Rush University Medical Center is one of the first medical centers in the country, and currently the only site in Illinois, participating in a novel clinical trial to determine if a subject’s own stem cells can treat a form of severe coronary artery disease.
The Autologous Cellular Therapy CD34-Chronic Myocardial Ischemia (ACT34-CMI) Trial is the first human, Phase II adult stem cell therapy study in the U.S. designed to investigate the efficacy, tolerability, and safety of blood-derived selected CD34+ stem cells to improve symptoms and clinical outcomes in subjects with chronic myocardial ischemia (CMI), a severe form of coronary artery disease.
"What we’re hoping is that these stem cells will be able to stimulate the growth of new blood vessels to bring more blood and oxygen to the heart muscle, so that these patients will have a better quality of life and less chest pain," said Dr. Gary Schaer, director of the Rush Cardiac Catheterization Lab and study investigator.
Myocardial ischemia is a serious heart condition that involves narrowing of coronary arteries and results in limited blood flow to the heart. The disease affects hundreds of thousands of new people each year. A person who suffers from chronic myocardial ischemia continues to experience insufficient flow of oxygen-rich blood to the heart despite optimum medical intervention.
The study is a randomized, double-blind, placebo-controlled study that involves adult subjects with severe coronary artery disease who are currently on the maximum medical therapy and who are not suitable candidates for conventional procedures to improve blood flow to the heart such as angioplasty, stents, or coronary artery bypass surgery.
Rush is one of 15 to 20 research sites nationwide participating in the study, which is sponsored by the Cellular Therapies business unit of Baxter Healthcare Corporation. Baxter technology is used to select the subject’s own CD34+ stem cells that are under investigation in this trial.
The baseline frequency and severity of anginal episodes are established as a first step for all study subjects. Next, all subjects receive a series of subcutaneous injections (needle shots, typically delivered under the skin in the arm, thigh or abdomen) of a commercially produced protein (granulocyte colony stimulating factor). The protein helps to release CD34+ stem cells (also known as endothelial progenitor cells) from a subject’s bone marrow into the bloodstream.
Then, investigators use a cell separation system, similar to the automated systems that are used with people who donate specific blood components such as platelets or red blood cells, to collect from the subject’s bloodstream, an enriched preparation of cells that contain CD34+ stem cells. When this process, known as apheresis, is complete, technologists further process the collected stem cells with Baxter’s ISOLEX 300i Magnetic Cell Selection System, currently approved for use with cancer patients, to select the subject’s CD34+ stem cells for use in this investigational therapy.
Schaer then uses a catheter-based, non-surgical system to map the patient’s heart three-dimensionally to identify the damaged areas into which the stem cells would be injected. "This targeted approach increases the treatment's effectiveness by delivering the stem cells exactly where they are needed." Schaer uses the Johnson & Johnson’s NOGA XP Cardiac Navigation System to identify ischemic but viable regions of the heart as targets for cell delivery. The researchers then use a special investigational catheter that functions like a "global positioning system" to precisely deliver CD34+ cells, or placebo, into the areas of the heart that have been identified as having poor blood flow.

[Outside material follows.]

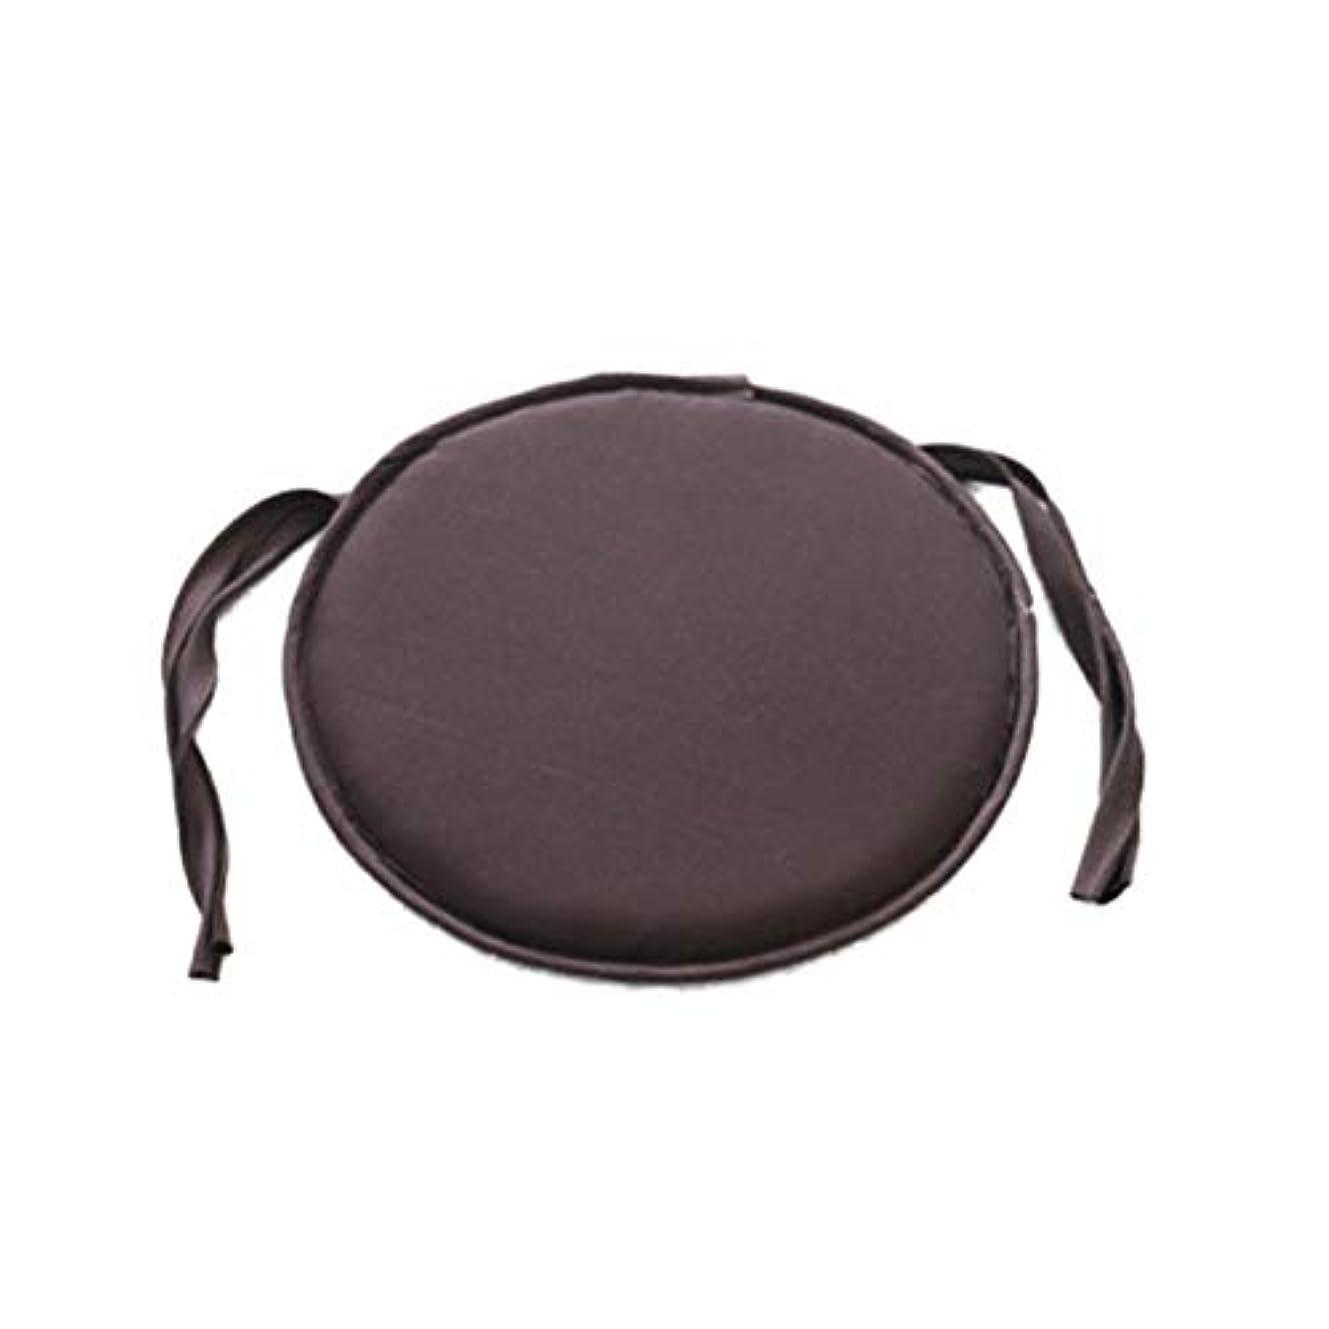 退屈退屈推測するSMART ホット販売ラウンドチェアクッション屋内ポップパティオオフィスチェアシートパッドネクタイスクエアガーデンキッチンダイニングクッション クッション 椅子

Subjects are randomly selected to receive either one of two dosing levels of CD34+ stem cells, or placebo. Rush researchers will conduct follow-up examinations for 12 months,
Researchers are encouraged by reports that the therapy appeared to be well-tolerated and no serious adverse events directly related to the stem cell therapy in an earlier study. According to preliminary, anecdotal patient reports, 16 of the 24 total Phase I study subjects reported feeling better with reductions in chest pain and improved exercise capacity during the early stage of the trial.